BULLS SET THEIR FINAL DESTINATION 25,000 FOR NIFTY | 58,000 FOR BANK NIFTY

It’s been a volatile week lately. Where initially bulls took up the charge & then bears came inn but overall, it’s been a muted week with Nifty showing nominal gain of 0.74% while Bank Nifty sets similar return for 0.82%. The indecisive move often makes investors / traders confused as to what’s ahead now? It is highly likely that irrespective of the Geopolitical issues Nifty is all set for a Final Destination towards 25000 & Bank Nifty may highly likely hit 58000 mark in the May series itself where investors may eye the destination with a medium risk appetite.

So far since the war between US-Iran-Israel begin not only put Global Equities at risk but also other asset classes. But since this war is not likely to end very soon & speculations & exchange of comments are highly likely to remain intact, we expect its major repercussions may now gradually come to affect least the Equity markets & a gradual up move may soon begin in the entire Indian Equity markets.

FII’s remained aggressive sellers across the board with massive sell off of almost Rs. 11,072.35 cr. last week while DII’s remained net buyers with net buying of Rs. 21,392.85 cr. FII’s now once again turned the table where on 23rd Jan.’26 was highest at 2.28 Lacs which eventually came down to as low as 1.03 lacs but closed the last week net shorts now at 2.10 lacs contracts it may now looks like positive bias from FII’s is likely to come.

So, far we have so many mix data developments across the board which has been the reason for volatility in Equities across the globe. Rupee, crude oil, Dollar Index, etc. Let’s dig it out one by one:

  1. Rupee: Rupee hit another All-time low of 95.466 creating panic across the sectors specially banking & financials sectors.
  2. Dollar Index:This could remain on a neutral stance near to 96-98 zone.
  3. Brent Crude oil: Brent crude oil hit another All-time high of 120.52$ per barrel & cooled off towards 114.37$. In the coming months we expect this to cool off towards 80-90$ somewhere as UAE exited the OPEC & OPEC+.
  4. FII’s Remained Seller:FII once again remained on the sell side & it doesn’t look like any kind of easing up as of now. Not a good sign.

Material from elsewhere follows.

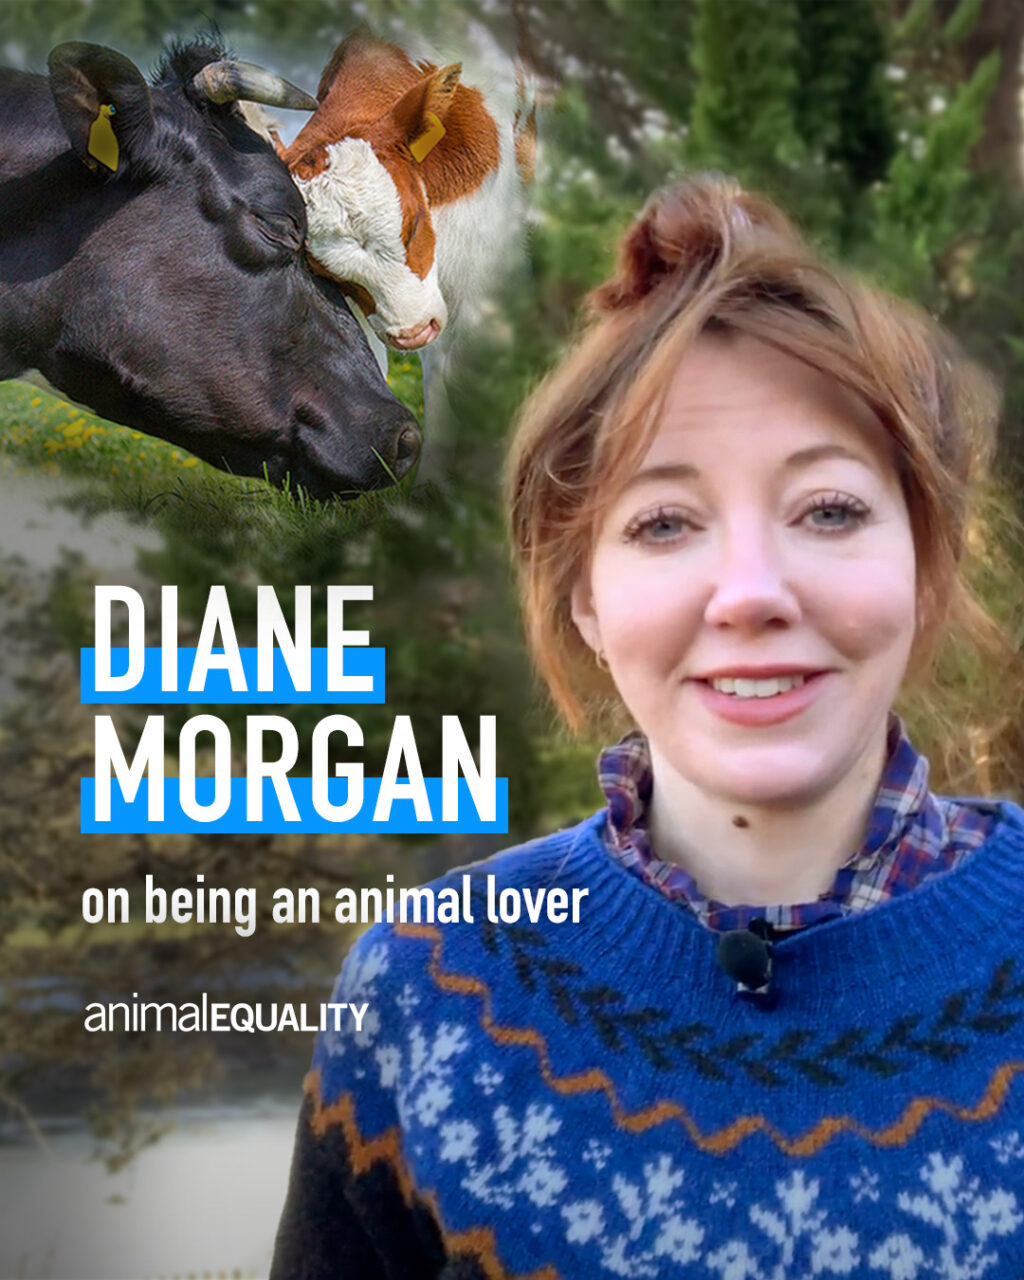 La star di Netflix Diane Morgan ha incoraggiato i suoi fan a firmare la petizione di Animal Equality per punire chi maltratta gli animali

Nifty though did not post any significant gains last week but still manages to make higher high higher low on weekly charts with higher closing at 24176.15 looks like it holds the higher ground & Bulls are highly likely to gain the momentum which could lead the Nifty towards 24900-25300 kind of levels while on the lower side 23800-24000 still looks like a crucial support levels. The support could come from Bank Nifty & IT Sector.

Meanwhile Bank Nifty may continue to find its crucial support levels of 54000-54600 kind of levels & from those levels a meaningful upside can be seen towards 56700-57000 followed by 58000 kind of levels. The support may come from Private sector banks.

“Nifty IT” looks like this time make go further lower towards the level of 26000-27000 kind of levels to finally close this correction journey & from those levels we may get the pull back towards 30000-31000 kind of levels.

Brent crude oil hit another All-time high of 120.52$ per barrel & cooled off towards 114.37$. In the coming months we expect this to cool off towards 80-90$ somewhere as UAE exited the OPEC & OPEC+.

FII’s have been into net sell in 9 months out of 12 in current Fiscal year 2025-26 creating ruckus pressure on the entire markets. In the traders / investors community it has now become a basic question why they are selling? & When this selling would stop?

Why FII’s have been continuously selling in Indian Markets?

As the geopolitical issues continue to rise as US-Israel-Iran war leads a continuous decline in Rupee which hit all time low of 94.988 followed by inconsistent government policies into taxation in the capital markets & other things. Add on burden on the markets in respect to STT rate hike continuous pressure on FnO volumes reduction.

In recently launched GDP growth rate of India in Q2 has been 8.20% while it is being projected that it will grow at 7.30% in the Fiscal year 2025-26 while USA has recently shown a GDP growth rate of 4.40% which is furthermore projected to grow at 4.70% so for a Developed economy which is showing nearly 5% of growth lately whereas target country which is still a Developing country with a projected growth rate of 7.60% but its currency is declining on a fast scale why would any institutions go for a Emerging Markets when it can get a growth of nearly 5% in an already developed nation while saving currency devaluation risk. Isn’t it a safer investment for them?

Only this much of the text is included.